Arturas_Druteika · April 3, 2021, 6:03pm

Hello, I am currently fixing this issue where my validation loss compared to train loss is absurdly high. I am training a 2 class classifier. The train part is working fine, I know that because after model is trained I test the model on the third set (the test set) and the results are as they should be. But while training and when validating the loss on validation set I get these nonsensical results that my loss is over 1000. And after every epoch it is not decreasing. What I think is that my validation code is not correct, but I don’t know hat is wrong. Here is my code:

def train(model, train_loader, valid_loader, learning_rate, learning_rate_decay_rate, epochs, device, saved_model_filepath=None):
    criterion = nn.CrossEntropyLoss()
    optimizer = optim.Adam(model.parameters(), lr=learning_rate)

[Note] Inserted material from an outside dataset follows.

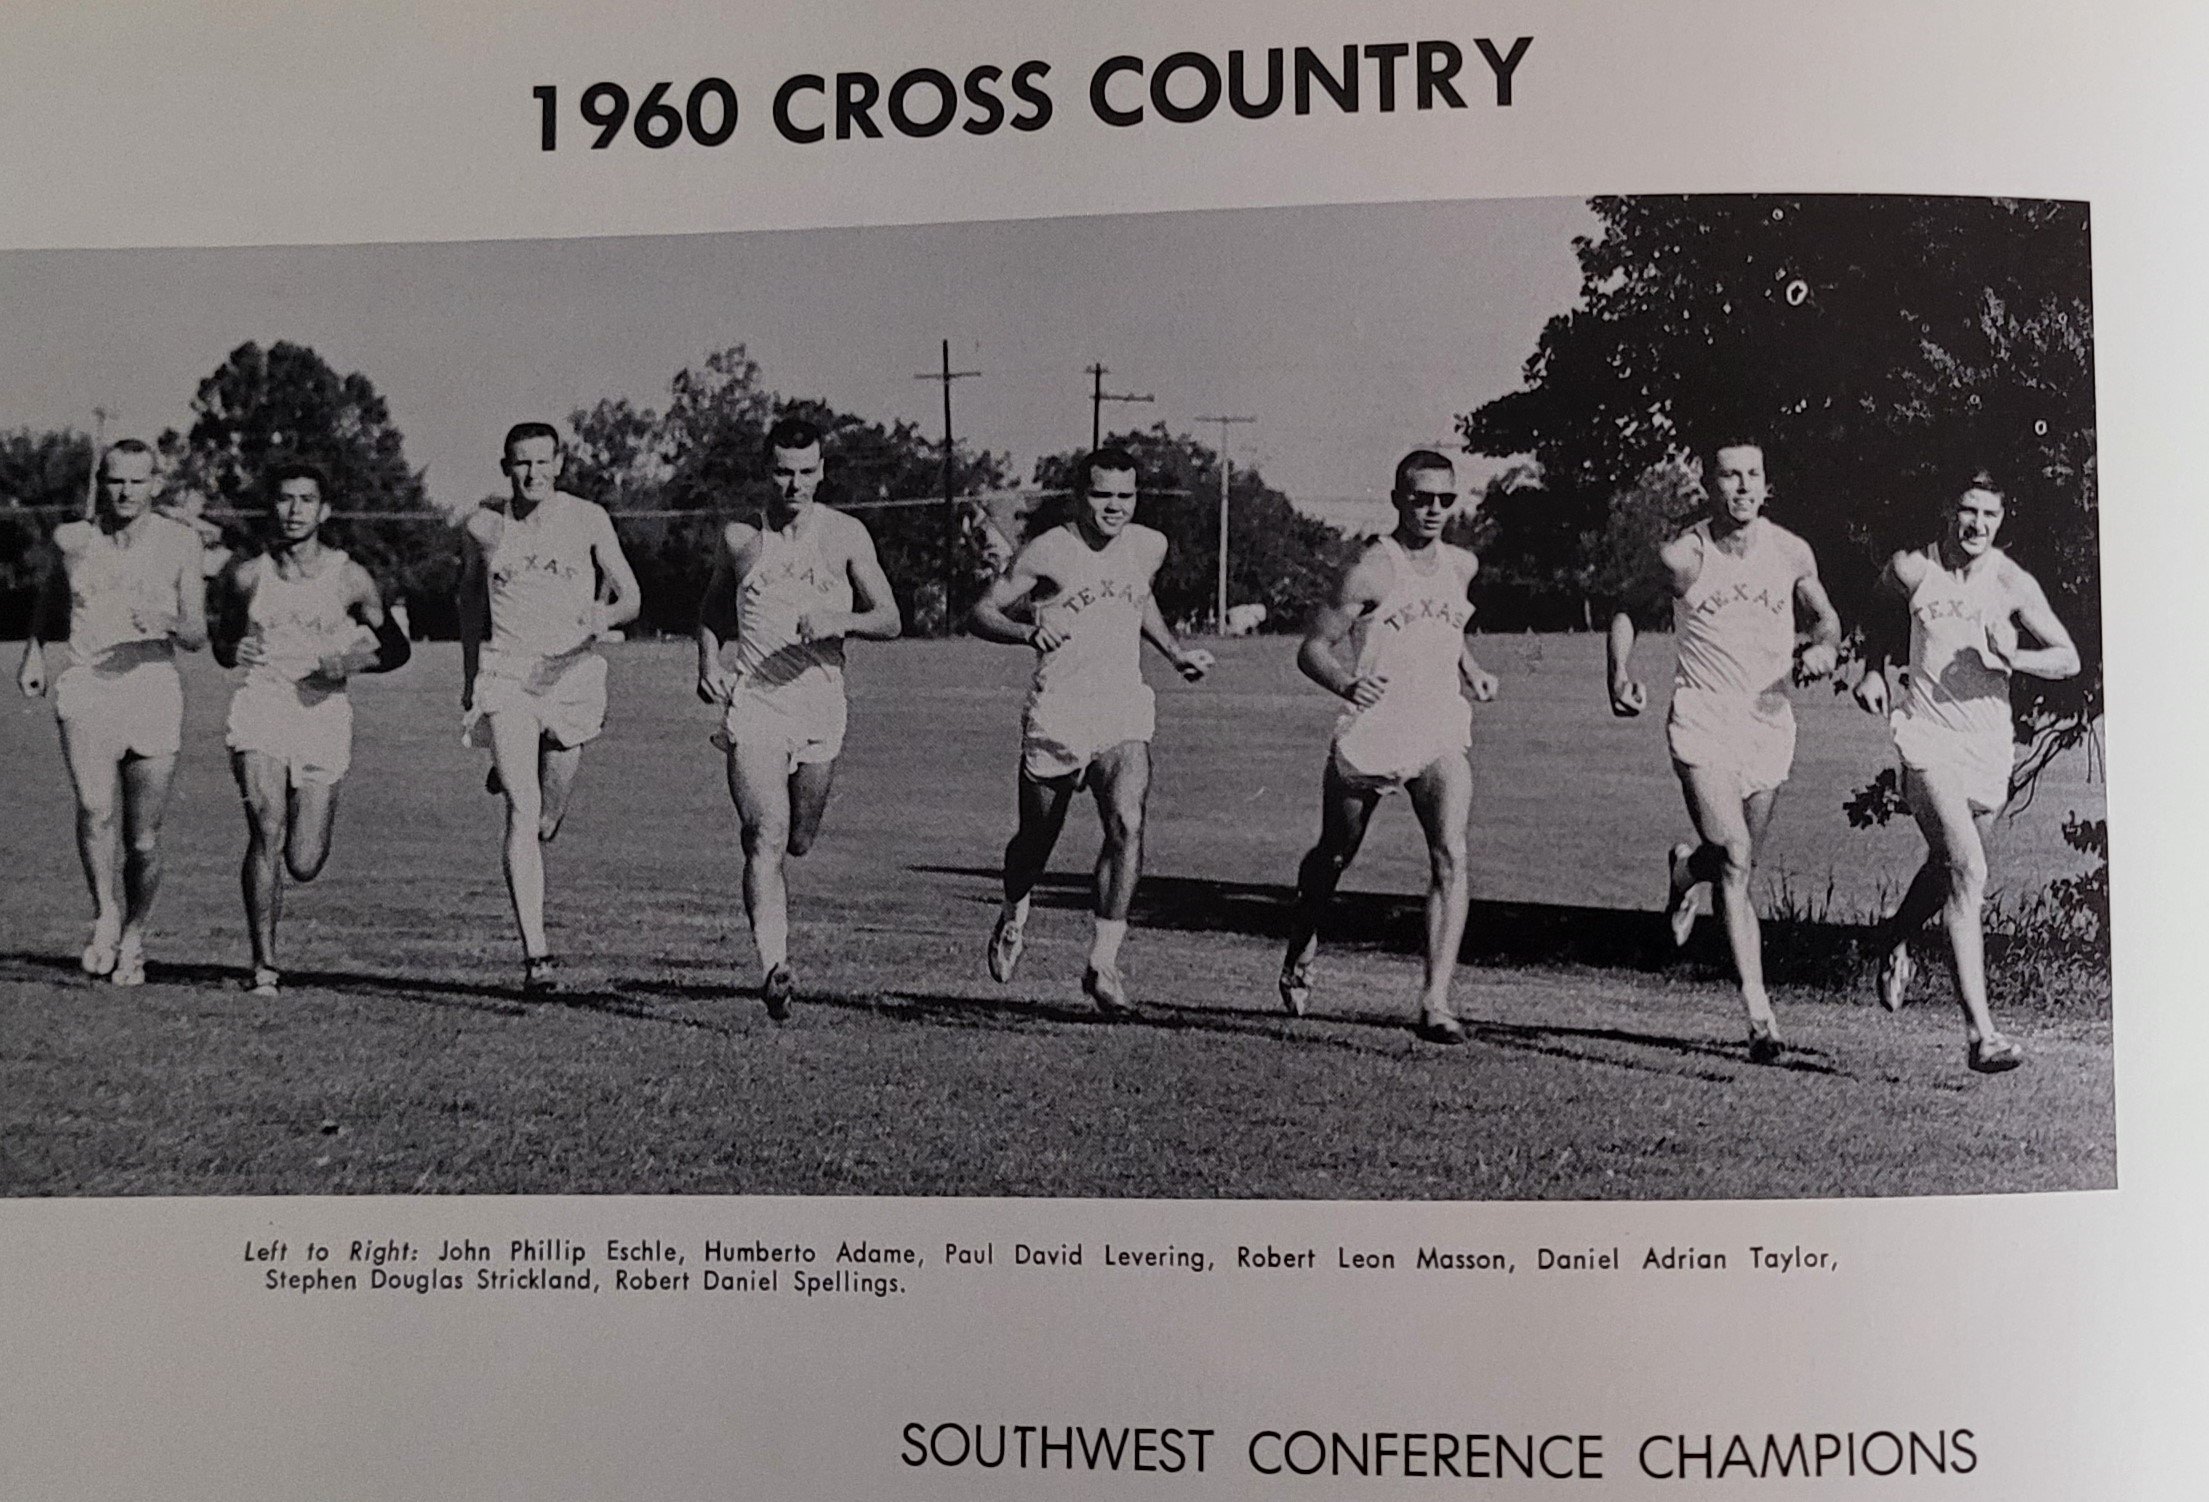  1960-1961 cross country  Eschle, Adame, Levering, Masson, Taylor, Strickland, Spellings

    lr_labmda_1 = lambda epoch: learning_rate_decay_rate
    scheduler = MultiplicativeLR(optimizer, lr_lambda=lr_labmda_1)

    for i in range(epochs):
        total_loss_train = 0
        total_loss_valid = 0
        valid_coorect_preds = 0

        model.train()

        for images, labels in train_loader:
            images = images.to(device)
            labels = labels.to(device)

            preds = model(images)

            optimizer.zero_grad()
            loss = criterion(preds, labels)
            loss.backward()
            optimizer.step()

            total_loss_train += loss.item()

        model.eval()

        with torch.no_grad():
            for batch in valid_loader:
                images = batch[0].to(device)
                labels = batch[1].to(device)

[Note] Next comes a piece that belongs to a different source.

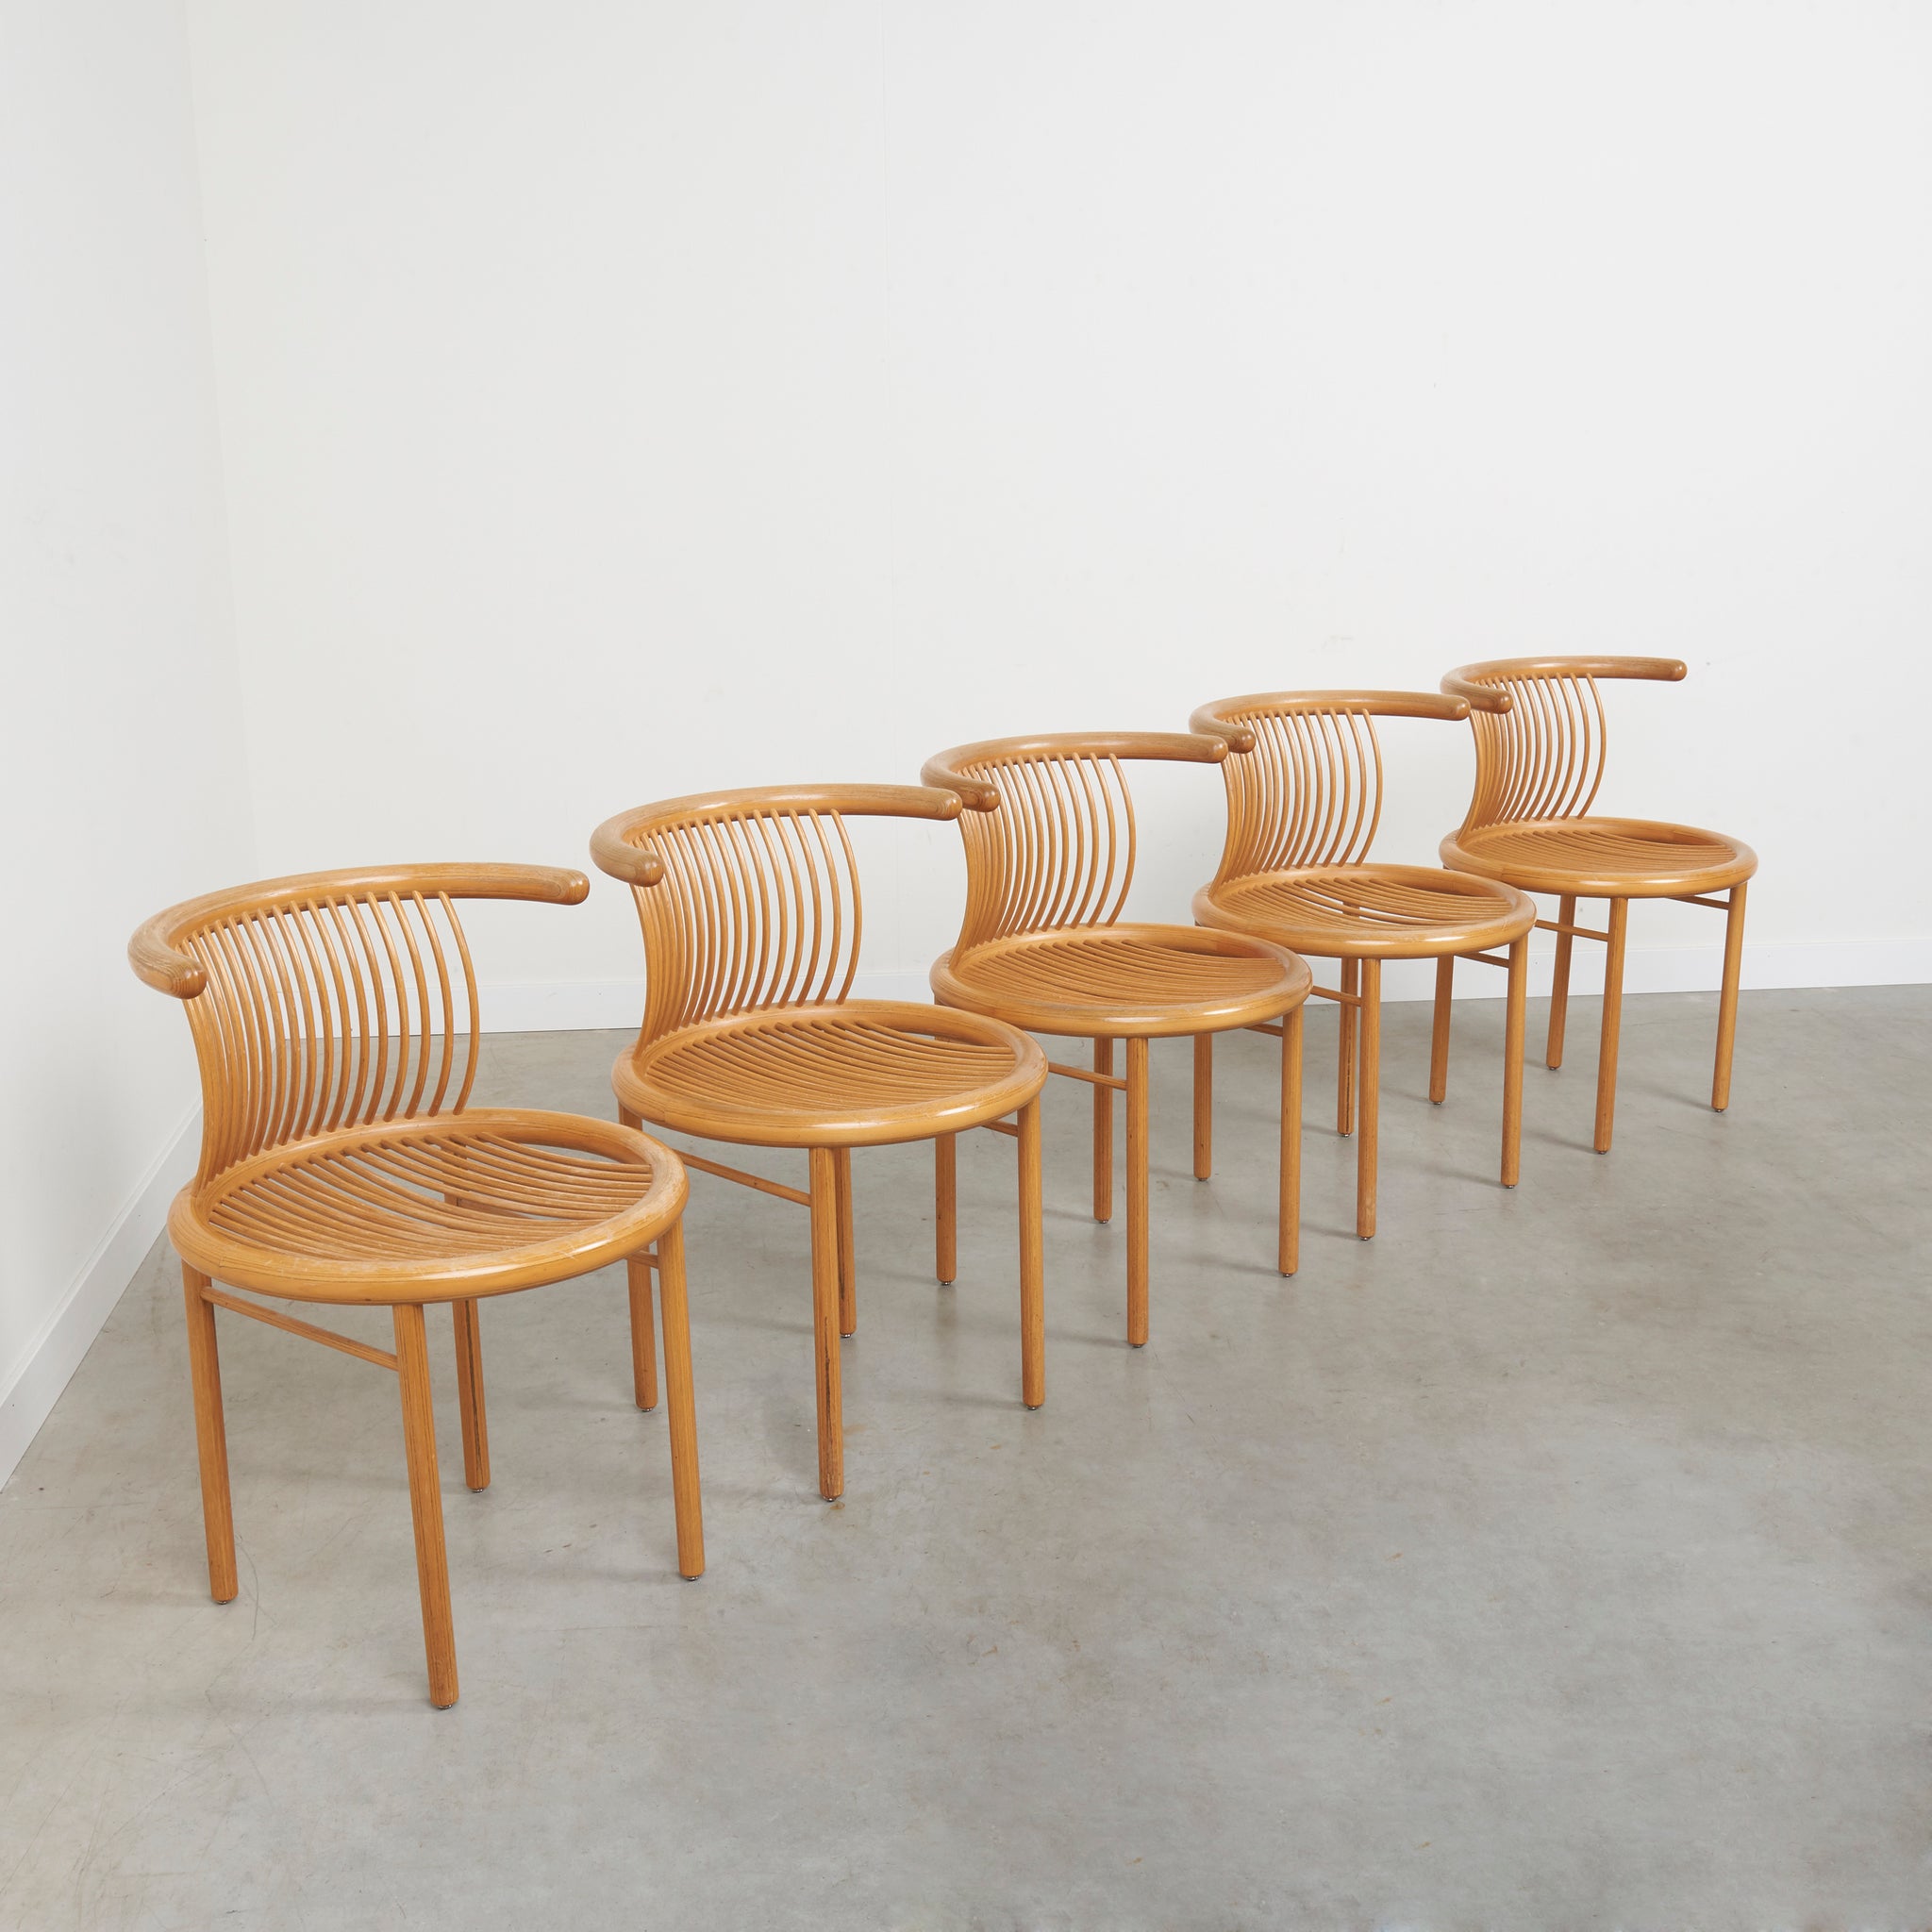 Vintage dining chairs by Herbert Ohl for Lübke, 1980s

                preds = model(images)
                loss = criterion(preds, labels)
                total_loss_valid += loss.item()

        scheduler.step()

        print(f'epoch: {i}, total_loss_train: {total_loss_train: .2f}')
        print(f'epoch: {i}, total_loss_valid: {total_loss_valid: .2f}')
        print()

Train loss is decreasing and numbers are normal, but when looking to validation loss, it is very high (usually between couple of hundreds to 1500) and it is not decreasing at all. What am I doing wrong?

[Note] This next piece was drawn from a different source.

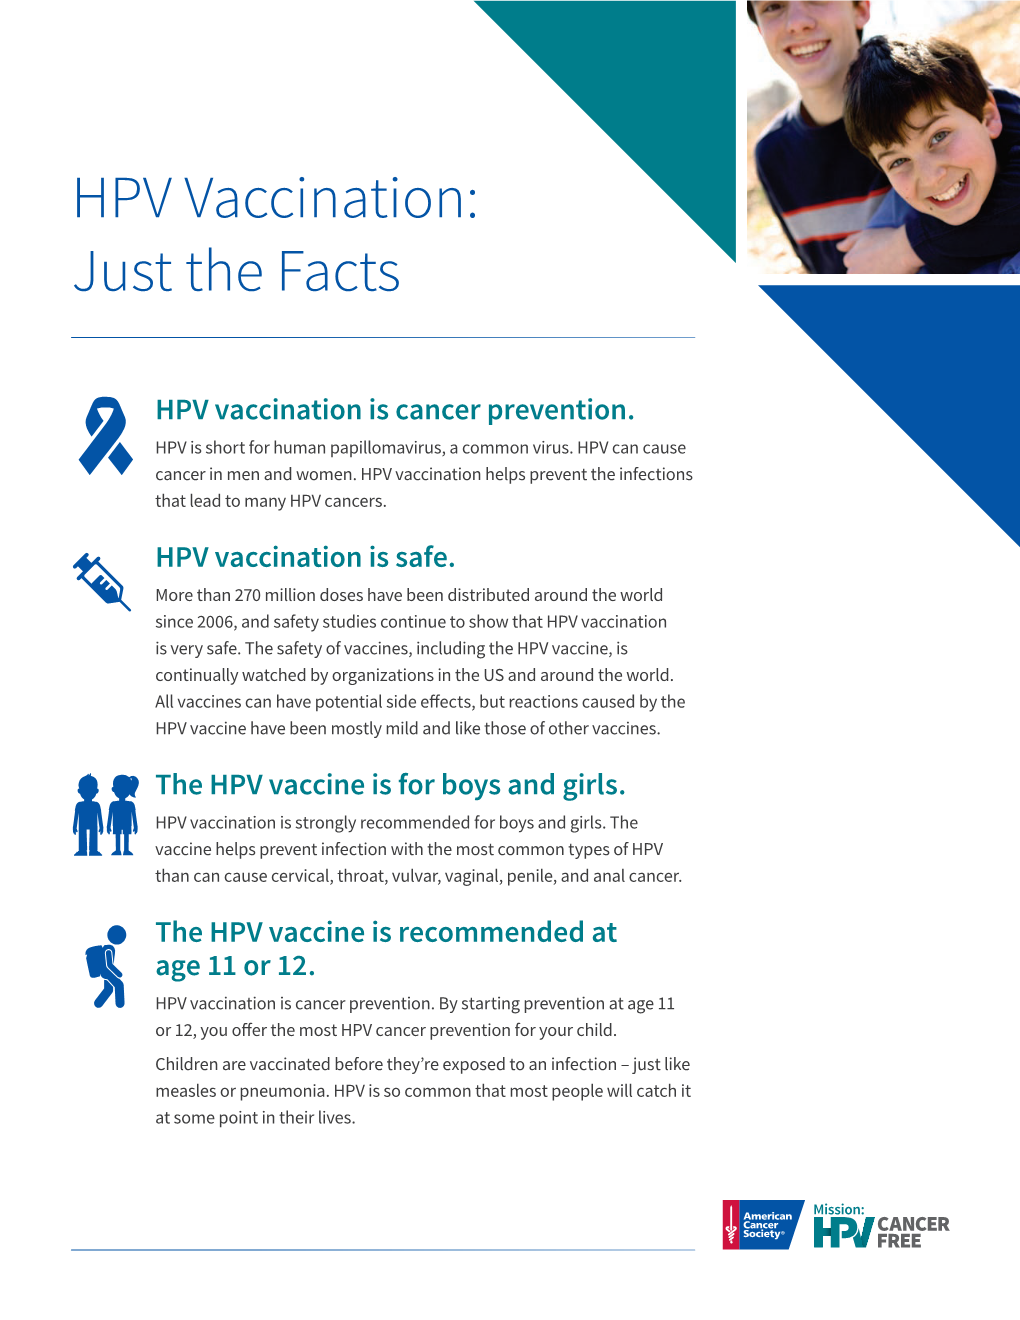 HPV Vaccination: Just the Facts

aza · April 3, 2021, 6:37pm

without additional information it’s impossible to tell if the that loss value is not to be expected in this situation. At a first glance it seems like the issue could be that there is not enough signal in the (training) data for the model to be able to generalize to the validation set + it’s overfitting to the training set (hence the improvement in training loss)

Arturas_Druteika · April 3, 2021, 6:47pm

I will update my question after this reply. But for the overfitting part, it is not happening to that extent. When I evaluate results on the third set (test set) after the model already is trained, then the resuts are normal. I have printed the confusion matrix and the results look pretty normal. What I think is that somehow I am not doing this part correctly:

Arturas_Druteika:

model.eval()

with torch.no_grad():
    for batch in valid_loader:
    images = batch[0].to(device)
    labels = batch[1].to(device)

    preds = model(images)
    loss = criterion(preds, labels)
    total_loss_valid += loss.item()

I think somewhere in this part of the code something happens that produces these large loss results, even though my model is not overfitting.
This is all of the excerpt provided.